About Us

Why Choose Us

The rapid development of new drugs, therapies, and devices has created a dramatic increase in the number of clinical
research studies that highlight the need for greater participation in research by physicians as well as patients. Furthermore, the potential of clinical research is unlikely to be reached without the greater participation
of physicians in research.

​Next Innovative Clinical Research is a site management organization (SMO) that will assist in identifying potential trials, submitting budgets and contracts, completing essential documents, institutional review board (IRB) submissions, vendor selection, and staff training.

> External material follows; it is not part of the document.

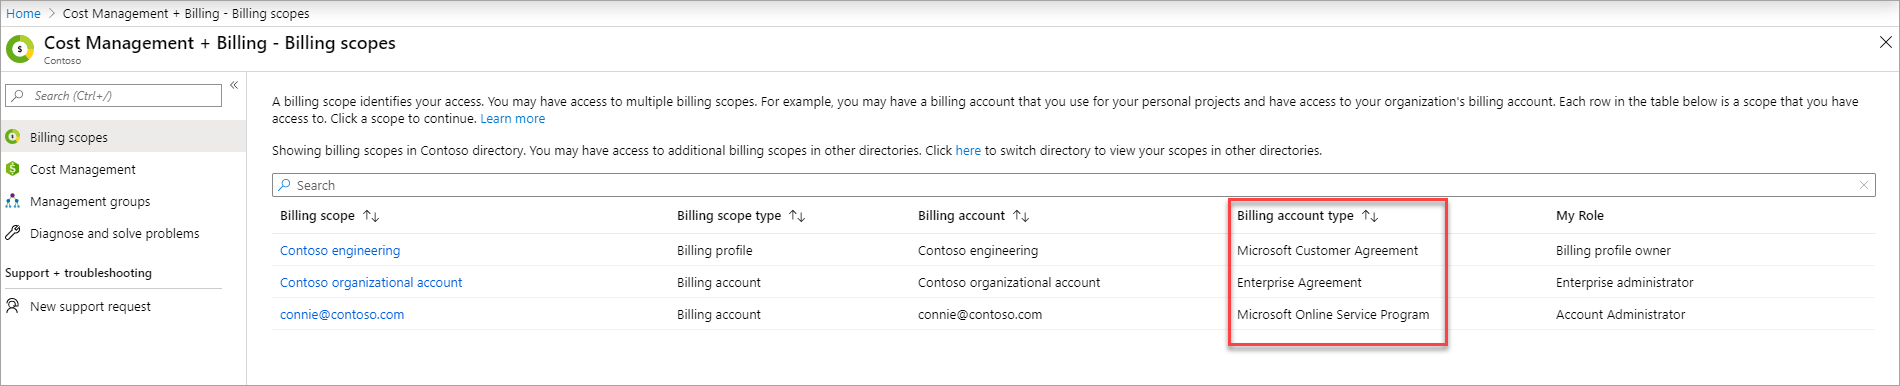 Снимок экрана: страница со списком учетных записей выставления счетов и Клиентским соглашением Майкрософт

We have clinical research sites located in Chicago, Houston, and Atlanta. For pharma or CRO companies interested in using one of our sites, please contact us.

NICR Provides Solutions

We find appropriate studies by using

  • Extensive portfolios of active clinical trials
  • Strong relationships with sponsors
  • Utilizing vendor support

We streamline the study start up process

  • Complete feasibility
  • Complete CDA
  • Schedule starter visits
  • Completes budget negotiations, PPB, and CTA
  • Fully integrated Clinical Trial Management System System

Core Strategic Offerings

NICR provides successful recruiting strategies by utilizing 

  • Vendor support
  • Recruiting campaigns
  • Advertising

We make clinical trials more efficient by

  •  Evaluating patients for rapid study startup and gathering data
  • Maintaining a dedicated network of healthcare providers

As a result, we enhance the health, quality of life, and clinical value of patient care while increasing turn-around times and revenues.

LaToya M. Hinton-Howery, MPH
CEO/Research Director
Next Innovative Clinical Research
Email: LaToya.Hinton@NextICR.com
Phone: (312) 761-4244
Fax: (708) 277-2111

LaToya Hinton-Howery, MPH is the CEO/Research Director of Next Innovative Clinical Research, with locations in Houston, Tx and Chicago, IL. Both locations are multi-specialty sites that focus on introducing clinical trials to minority populations.

She is a Medical Assistant by trade, and holds a Bachelor’s degree in Health Administration from Governors State University and a Master’s degree in Public Health from Benedictine
University, and is currently pursuing a Doctorate in Public Health from American College of Education.


LaToya has 13 years of pharmaceutical clinical research experience including some positions within the research departments at Rush University and The University of Chicago. She also has experience in various therapeutic areas including Women’s Health, Dermatology, Gastrointestinal, Cardiovascular, Respiratory, and Oncology. LaToya aspires to continue educating medical professionals on how to break into the world of clinical research and how to efficiently operate at the site level.